И вот в один прекрасный день все это довело меня, как говорится, до точки кипения. Дело было в Париже. Значит, выпил я, выпил немного – там быть пьяницей может себе позволить только очень состоятельный человек, – выпил и стал безобразничать, как будто я в стельку пьян. Ну там, песню спел, пристал к одному прохожему, а под конец, хотите верьте, хотите нет, в знак протеста немного помочился на площади Этуаль.

Полтора месяца в тюрьме отсидел! Когда я на суде все рассказал, что к чему, судьи головы сломали, не знали, как квалифицировать мой поступок. Отсидел, как говорится, от звонка до звонка.

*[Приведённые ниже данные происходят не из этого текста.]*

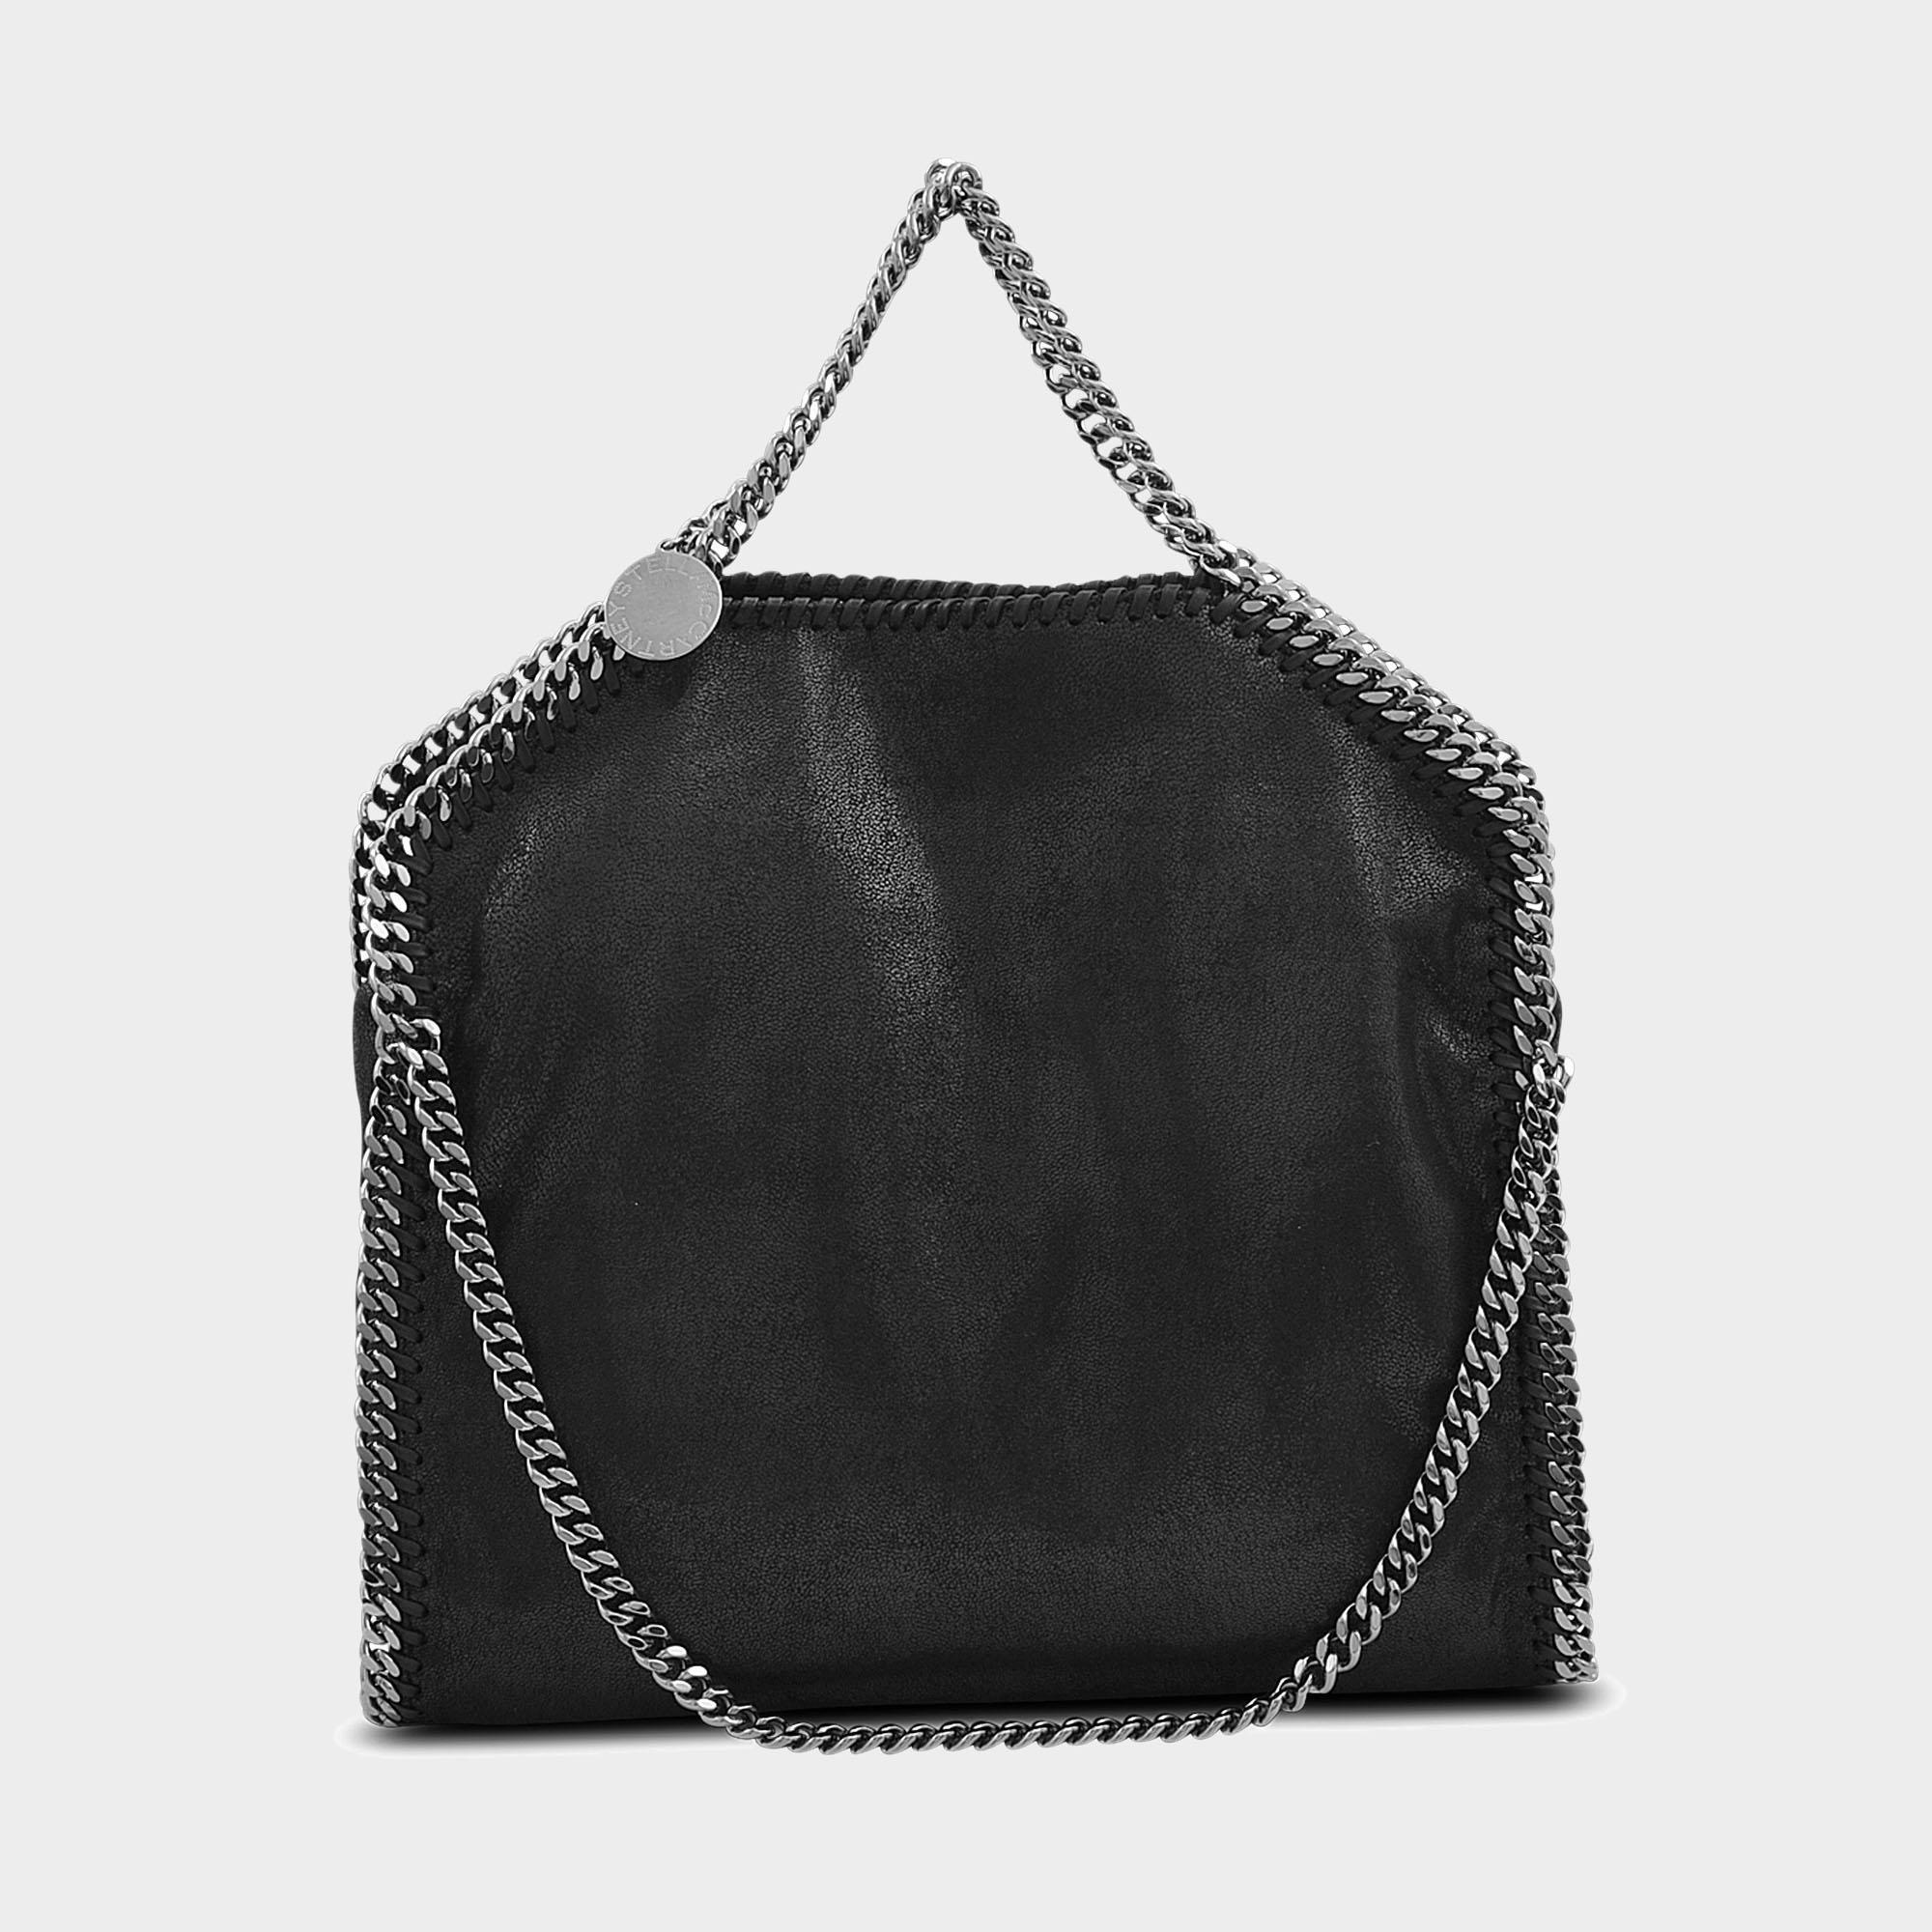 Stella McCartney. Women s Shaggy Deer Falabella Three Chains Bag In Black Eco  Leather 9c65dbaa36760
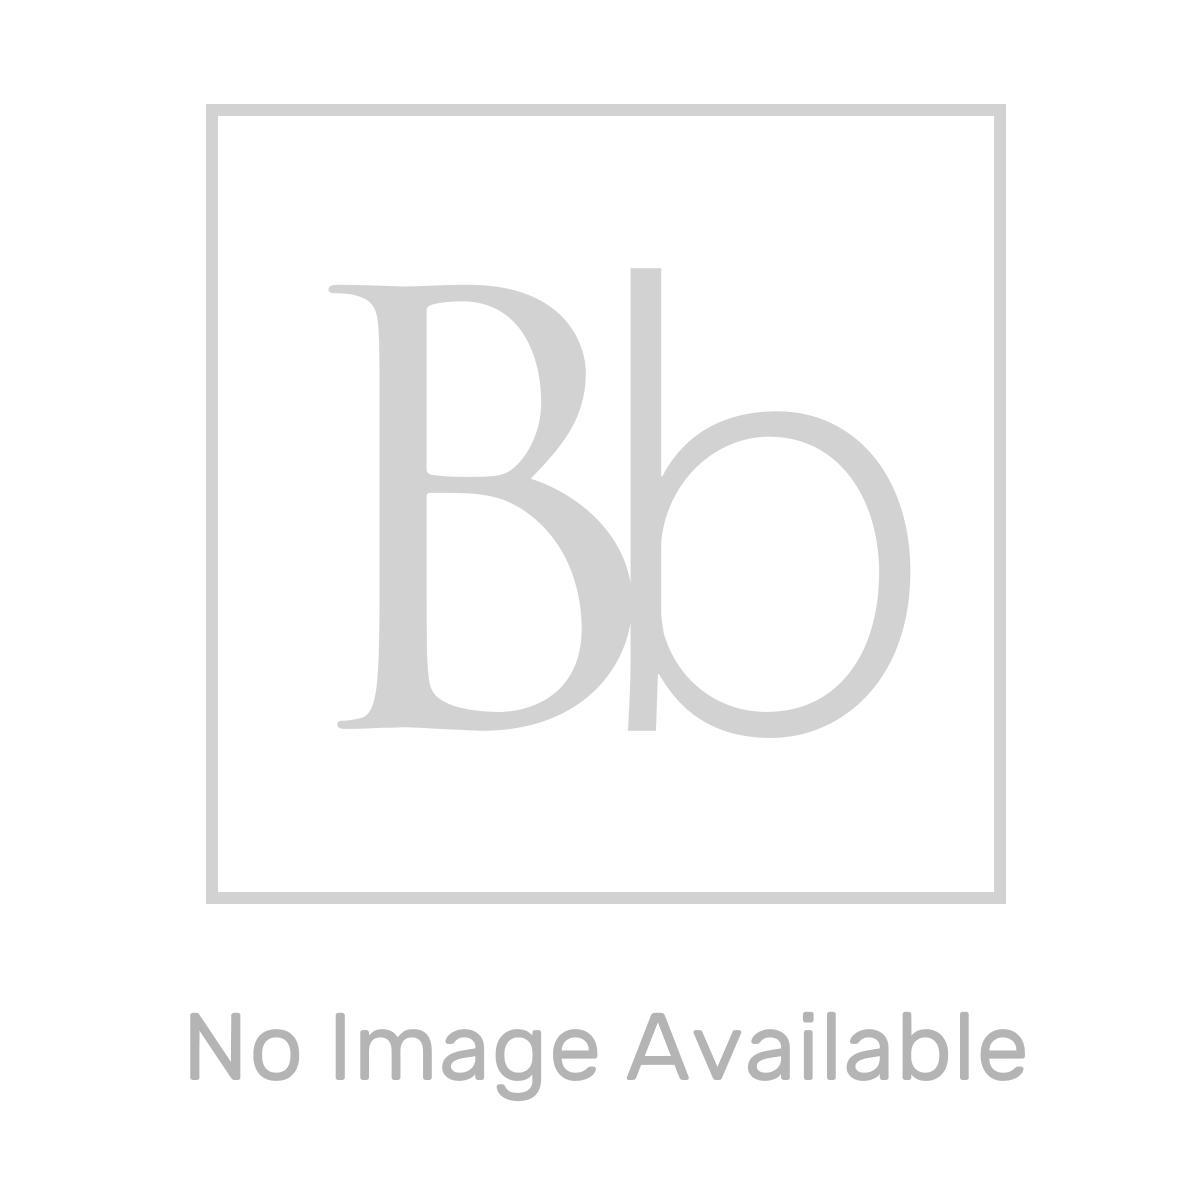 Aquadart Grey Slate Shower Tray 1700 x 700 Lifestyle

И вот как-то утром, уже на свободе, просыпаюсь я и – странное чувство… Такое чувство бывает по утрам у людей, которым рано идти на работу: так гадко, что жить не хочется. Что такое? Встаю, подхожу к окну: серенький индустриальный пейзаж, только нижние этажи праздничные, похоже на бедно одетого человека в новых ботинках. Машины мчатся, людей нет, пусто. И вдруг мне припоминается то самое окошко в Малом Афанасьевском переулке. Припоминается так живо, что меня прямо током ударило. Увиделись белые занавески, горшки с цветами, куколка, наши богомольные старушки, а на душе уже и колокола тенькают, и троллейбус шуршит, и какая-то мелодия играет – прямо скажу: тяжело! Так тяжело, что я, грешным делом, всплакнул. Стою у окна, реву, а за спиной жена ворочается в постели и вздыхает, по-английски, знаете ли, вздыхает, наши так не вздыхают.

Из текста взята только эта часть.